2.1 The Ocean in Motion

  • Atmospheric Circulation and Ocean Link

    • The ocean and atmosphere are closely linked.
    • Evaporation moves water from the sea into the air.
    • Rain directly or indirectly returns water to the sea.

  • Waves

    • Waves transfer energy from the wind to the water, but do not move the actual water mass.
    • Waves start out as tiny capillary waves.
    • In shallow water, waves behave differently (shoaling, breaking effects).

  • Properties of Waves

    • Key terms: wavelength ($\lambda$), wave height ($H$), crest, trough, period ($T$).
    • Fetch: the distance traveled by wind or waves across open water.

  • Tsunami

    • Caused by large disturbances to the sea, such as earthquakes.
    • Tsunami warning systems can save many lives.

  • Tides

    • Tides are long-period waves caused by the Moon–Earth and Sun–Earth gravitational systems.
    • Spring tides vs. neap tides:
    • Spring tide: The Sun and Moon align with the Earth, producing stronger gravitational effects and higher high tides and lower low tides.
    • Neap tide: Sun–Earth–Moon geometry at right angles reduces the overall tidal range.
    • Tidal patterns around the globe are influenced by land masses (coastal configurations).

  • Tide Patterns (global patterns)

    • Major tidal patterns: semidiurnal, diurnal, and mixed semidiurnal.

  • Organisms and Tides

    • Organisms living in areas exposed during low tide are especially affected during spring tides.
    • Tidal movement drives significant mixing of water, affecting organisms.
    • Many organisms synchronize reproduction, dispersal, and feeding with the tides.

  • Surface Currents

    • Caused by winds transferring momentum to the water.
    • Stable wind patterns produce large, slow-moving currents that transfer huge volumes of water.
    • Coriolis effect deflects surface water from wind direction.
    • Ekman spiral: water movement direction changes with depth.
    • Gyres are circular moving surface currents; can be enormous.
    • Eddies are smaller, rotating current systems that can travel long distances.

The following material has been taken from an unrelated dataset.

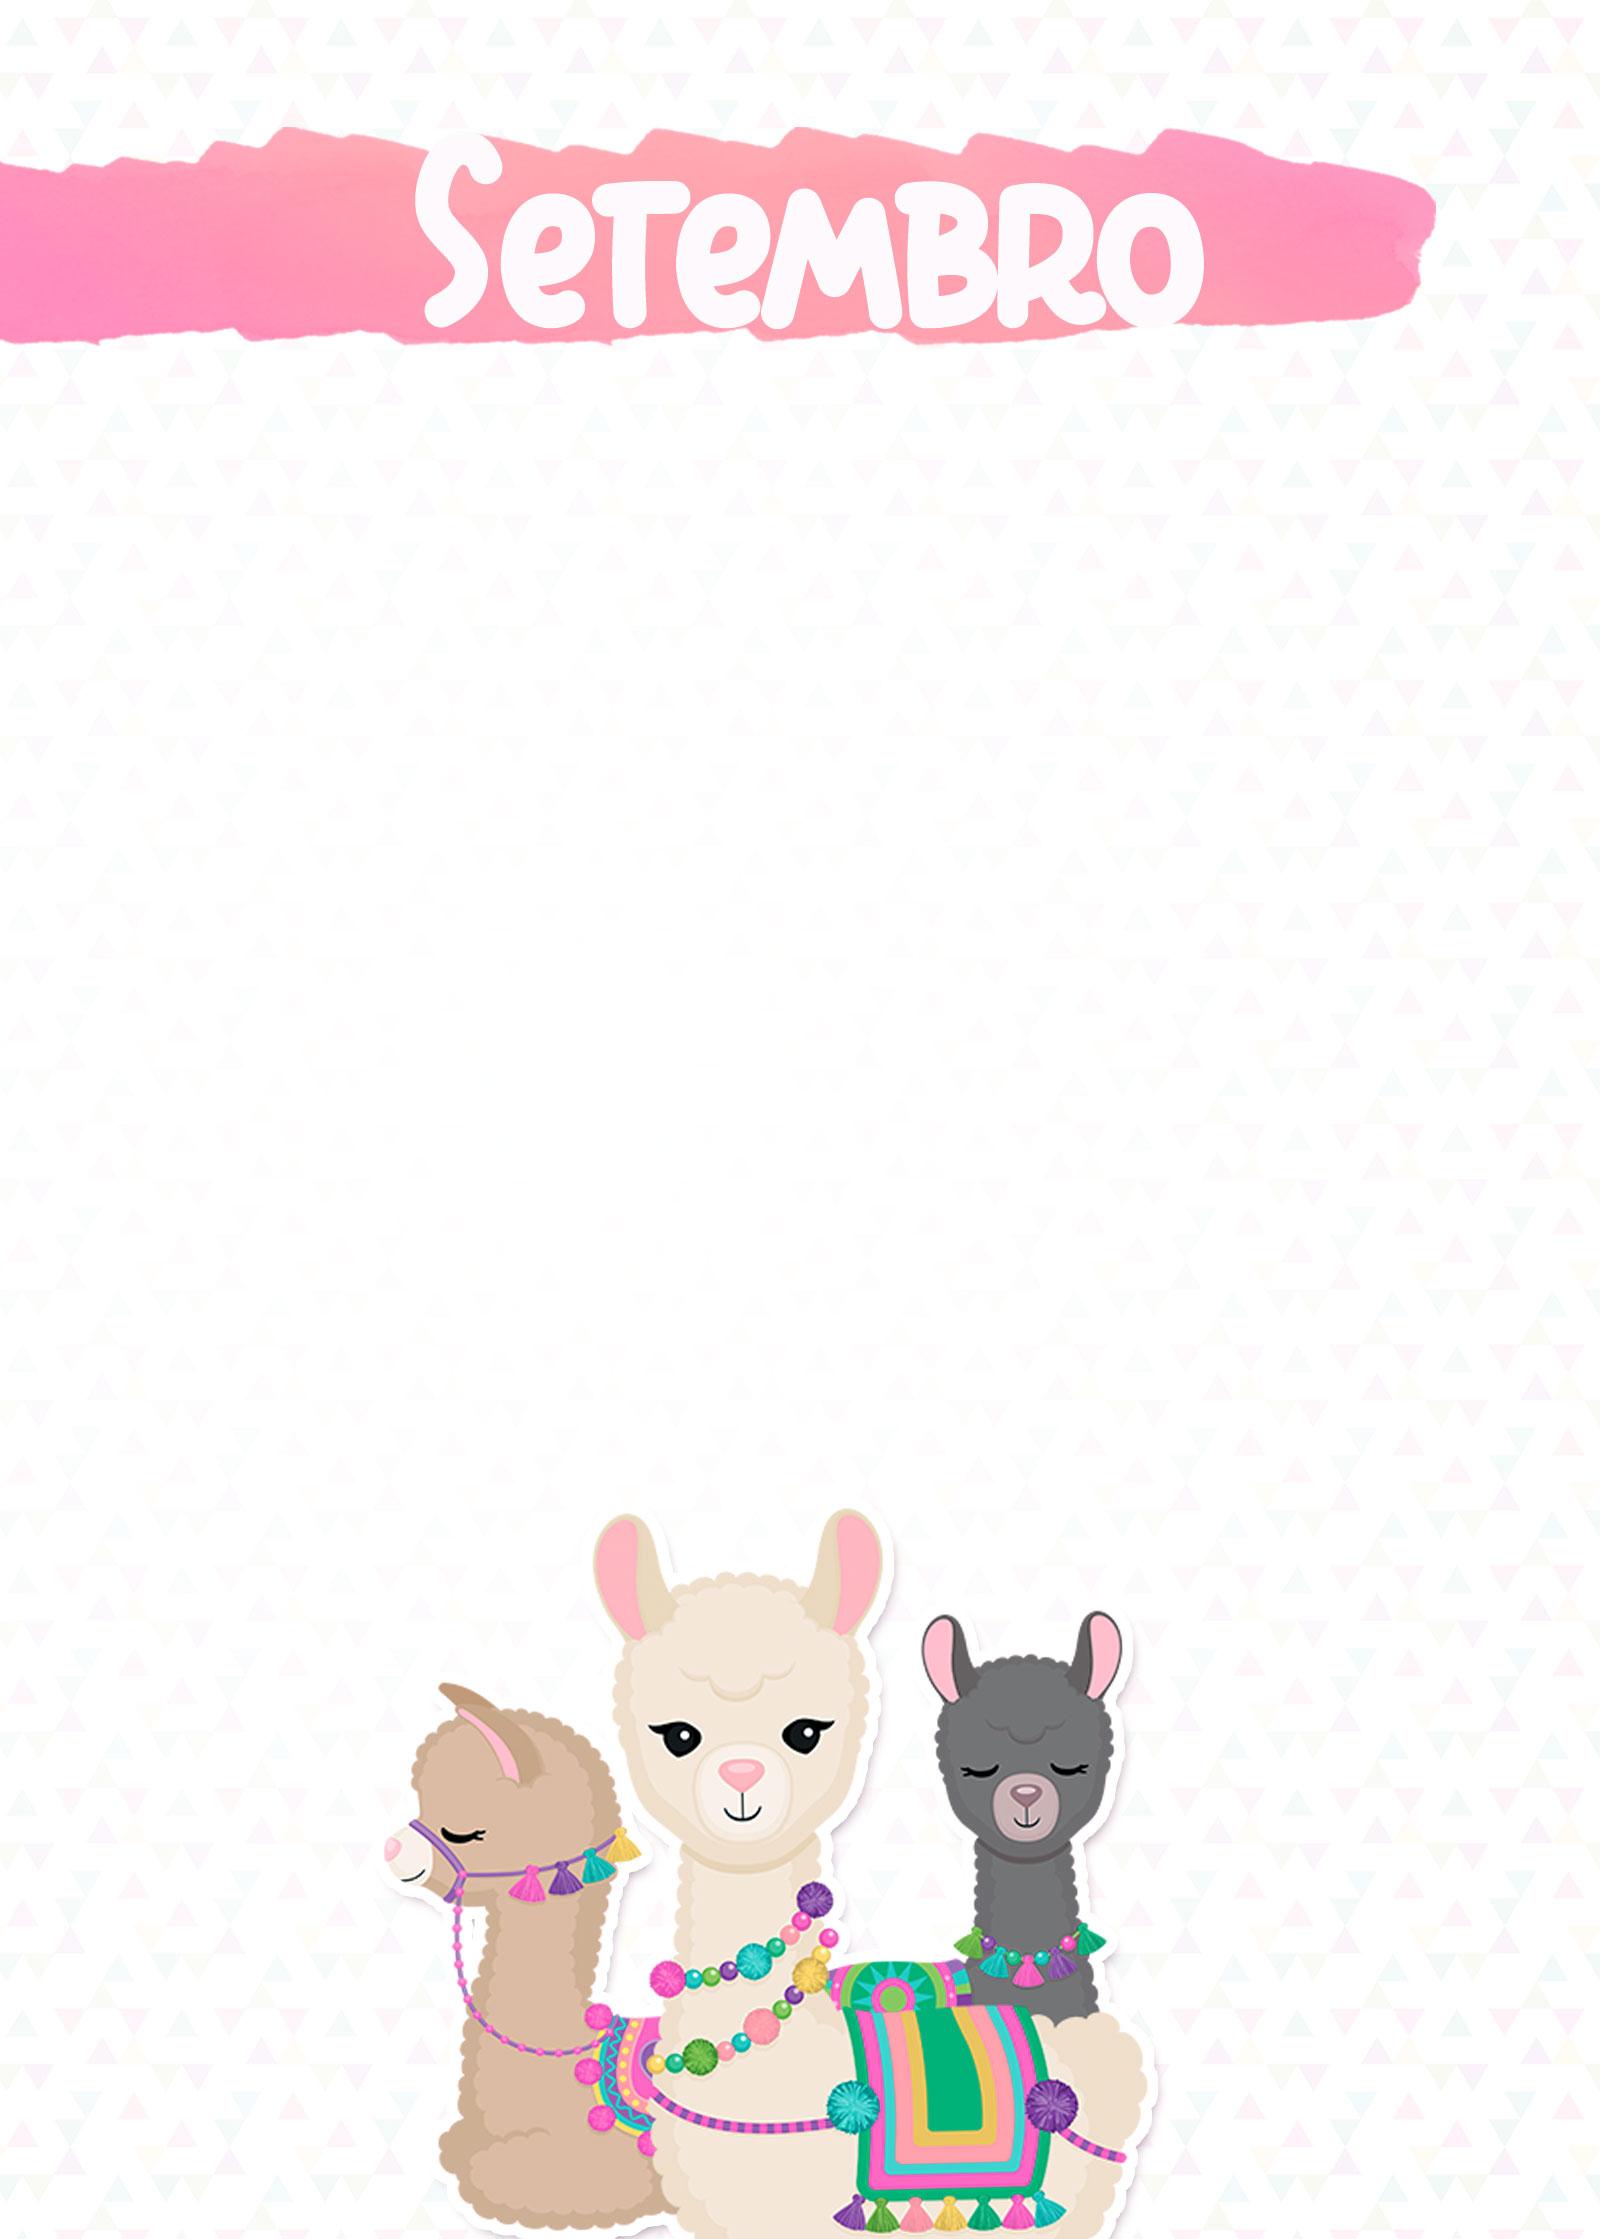 Planner Lhama Rosa 2019 capa setembro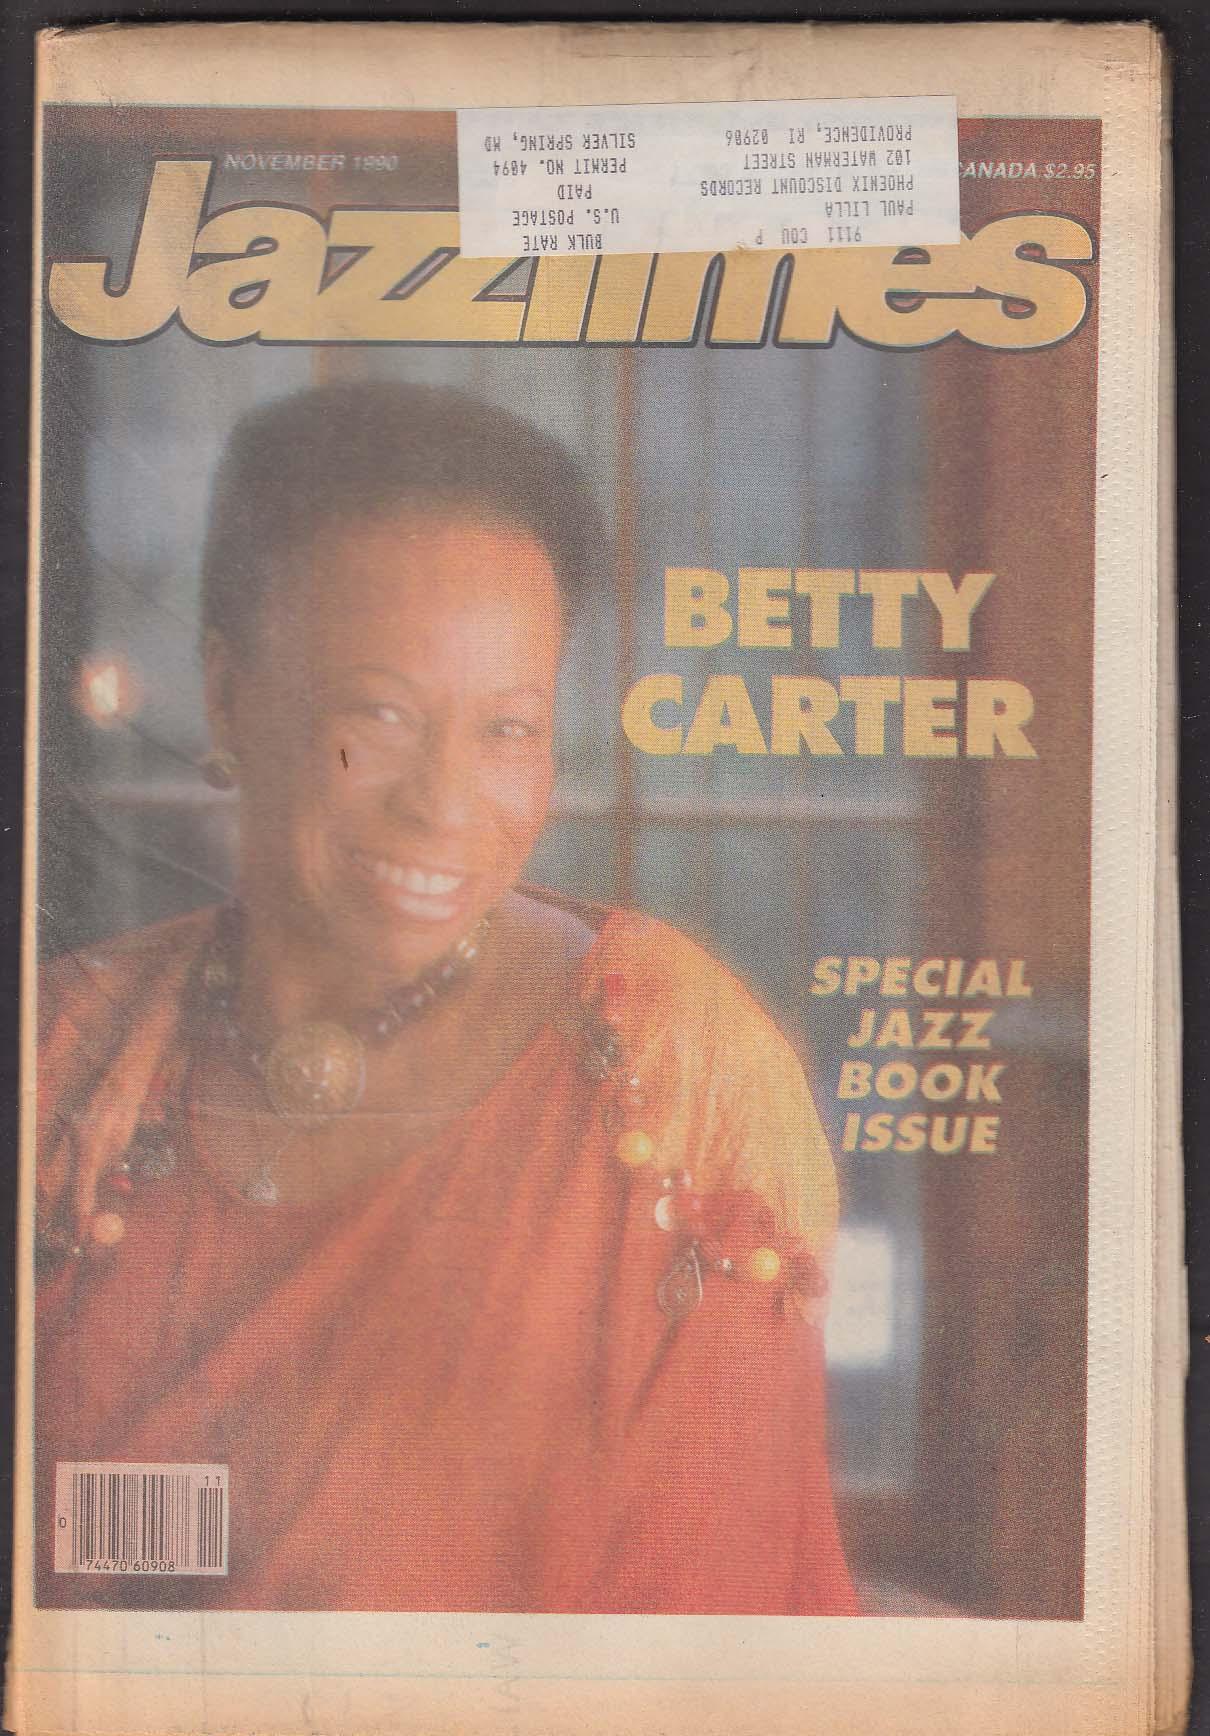 JAZZTIMES Betty Carter Ernestine Anderson Chick Corea ++ 11 1990

  • Major Surface Currents of the Ocean (Gyres)

    • The gyre system includes major features such as the North Equatorial Current/Monsoon Drift, South Equatorial Current, Canary Current, California Current, Peru/It is implied in the diagram; warm and cold currents interact with winds to create gyres.
    • Currents and gyres are driven by global wind patterns and deflected by the Coriolis effect.
    • Distinct warm and cold currents interact with coasts and ecosystems.

  • El Niño–Southern Oscillation (ENSO)

    • El Niño is a departure from normal current patterns at the equator.
    • The thermocline is depressed and surface water temperatures rise.
    • Global weather patterns are impacted as a result.

  • Case Study: The Great Pacific Garbage Patch

    • Garbage is carried thousands of kilometers and trapped in gyres.
    • Plastic does not break down for thousands of years; small fragments accumulate into a plastic soup.

  • Vertical Water Movements: Upwelling

    • Upwelling occurs when winds remove warm surface waters, allowing cool, nutrient-rich deep waters to rise.
    • This process provides surface waters with nutrients, leading to high primary productivity.

  • Vertical Water Movements: Thermohaline Circulation

    • Surface water density varies; denser water sinks and flows horizontally.
    • This transfers oxygen-rich waters to deeper parts of the ocean.
    • Referred to as the “Great Ocean Conveyor” (GOC).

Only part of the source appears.